Stored data:
━━━━━━━━━━

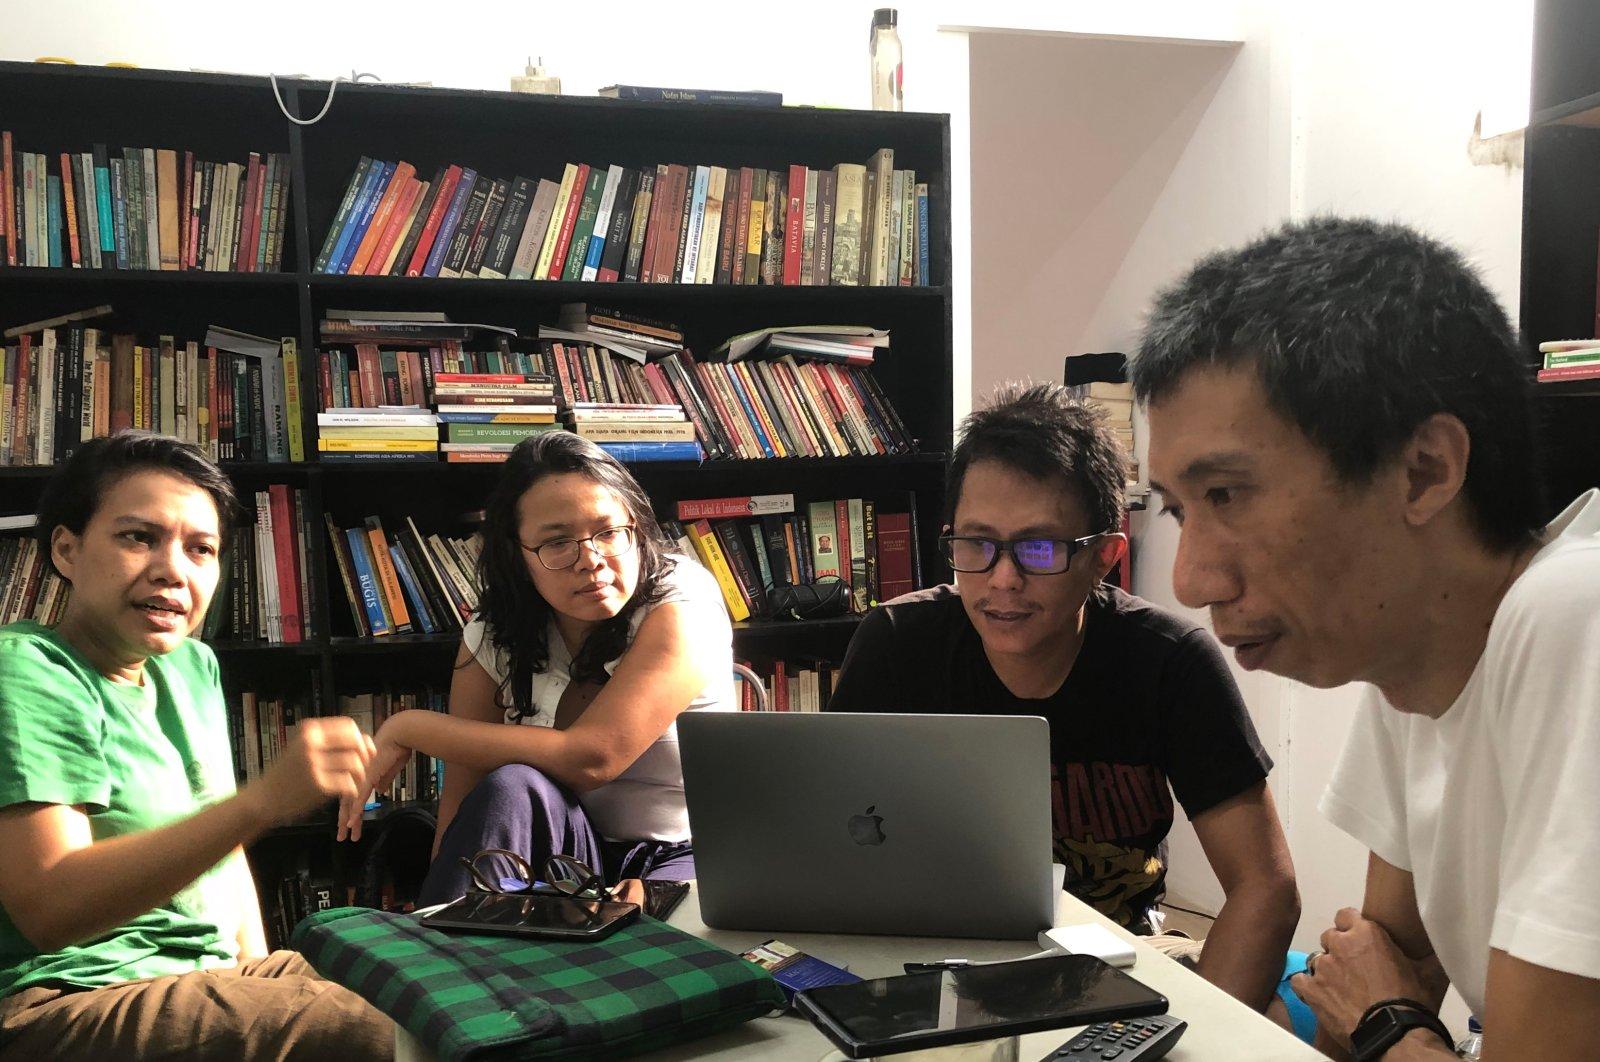 From left to right, Reza Afisina, Ajang Nurul Aini, Mirwan Andan and Iswanto Hartono from the artist collective Ruangrupa prepare the festival digitally. (DPA Photo)
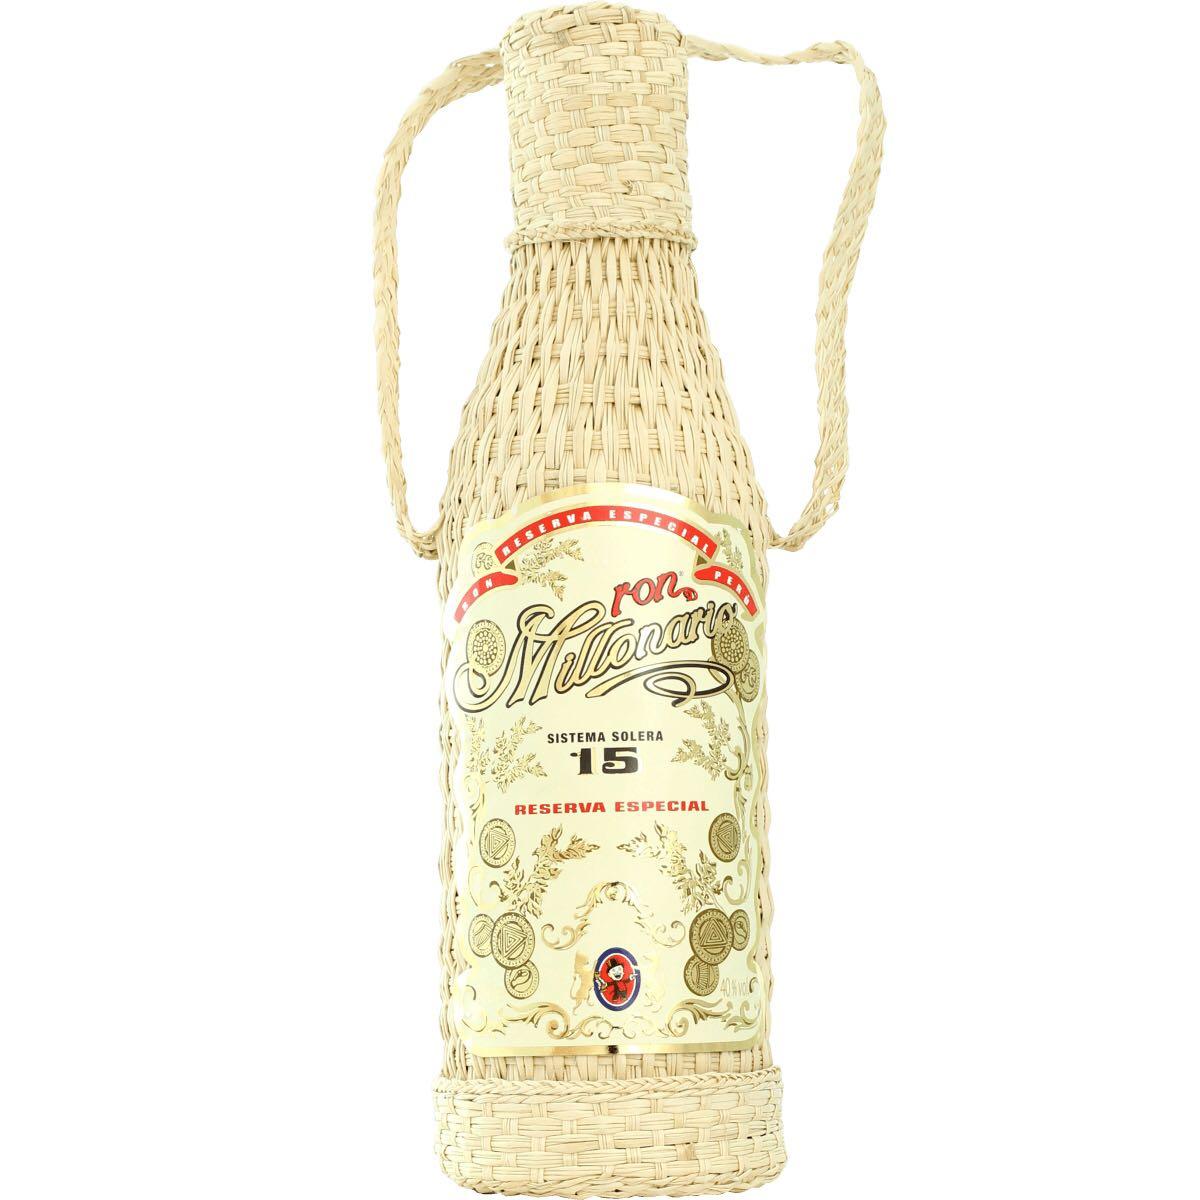 Bottle image of Millonario Solera 15 Reserva Especial
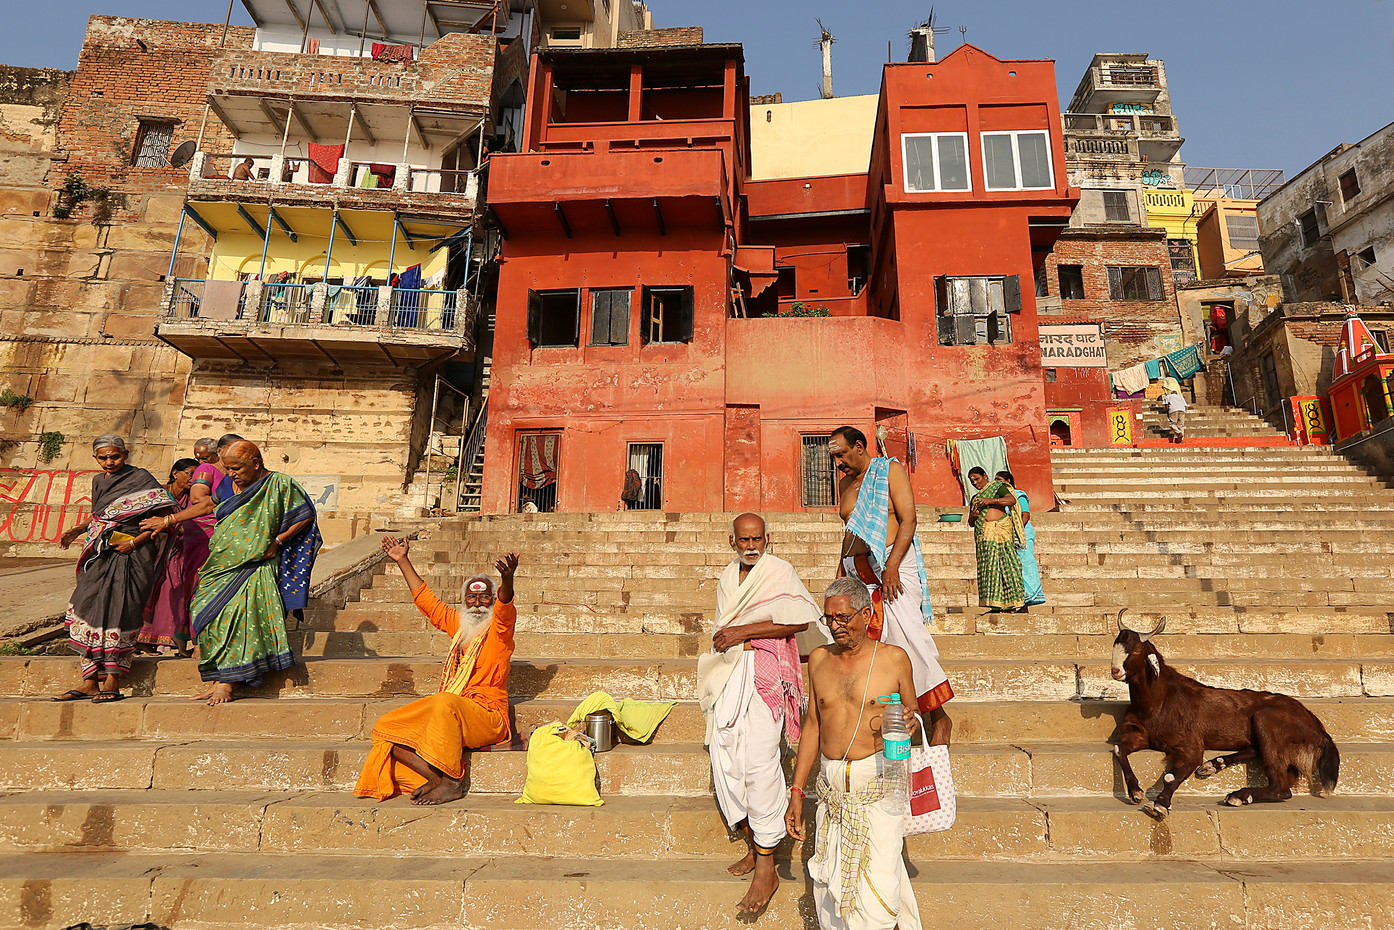 Sadhu, Hindu devotees & billy goat in Varanasi, India
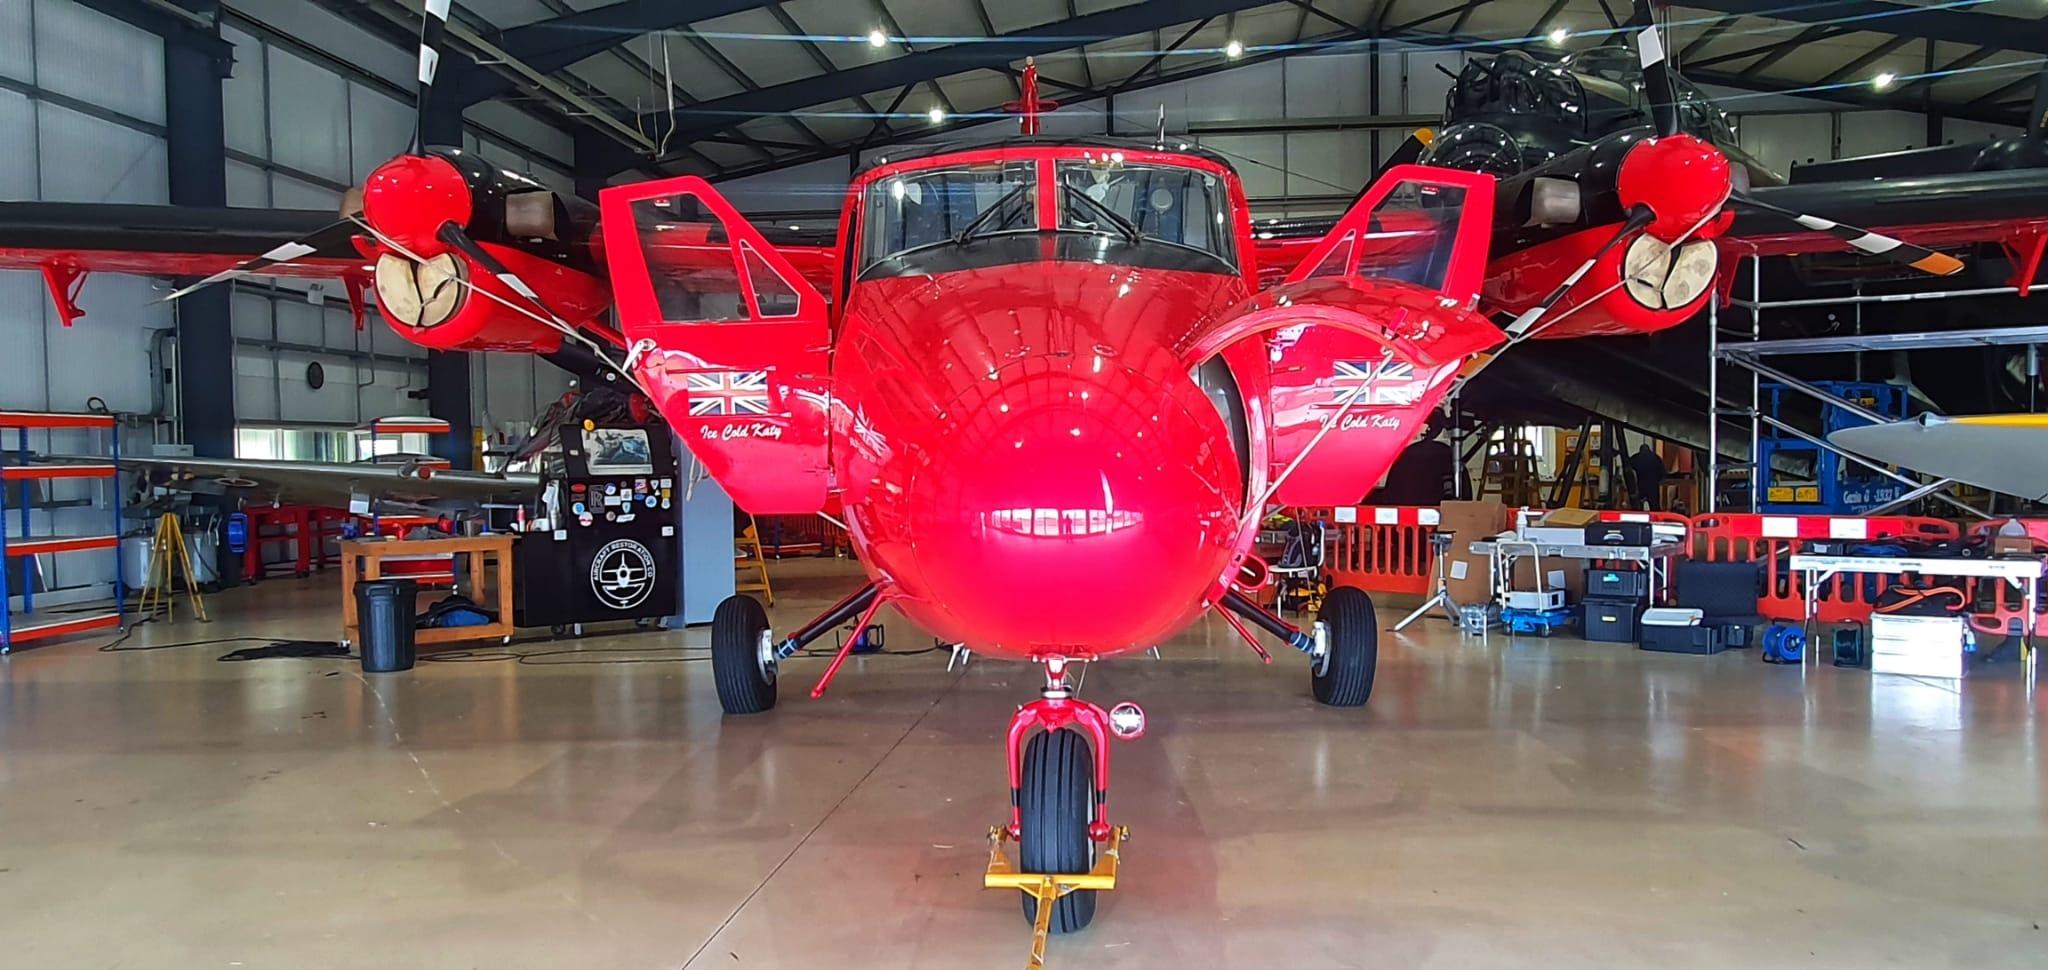 British Antarctic Survey Twin Otter Plane,

━━━━━━━━━━

What is required:
Copy out exactly the lines that run from the line containing "Sadhu, Hindu devotees" through the last line of the material, and nothing more; omit the pictures.

Answer for the task:
 Sadhu, Hindu devotees & billy goat in Varanasi, India
 British Antarctic Survey Twin Otter Plane,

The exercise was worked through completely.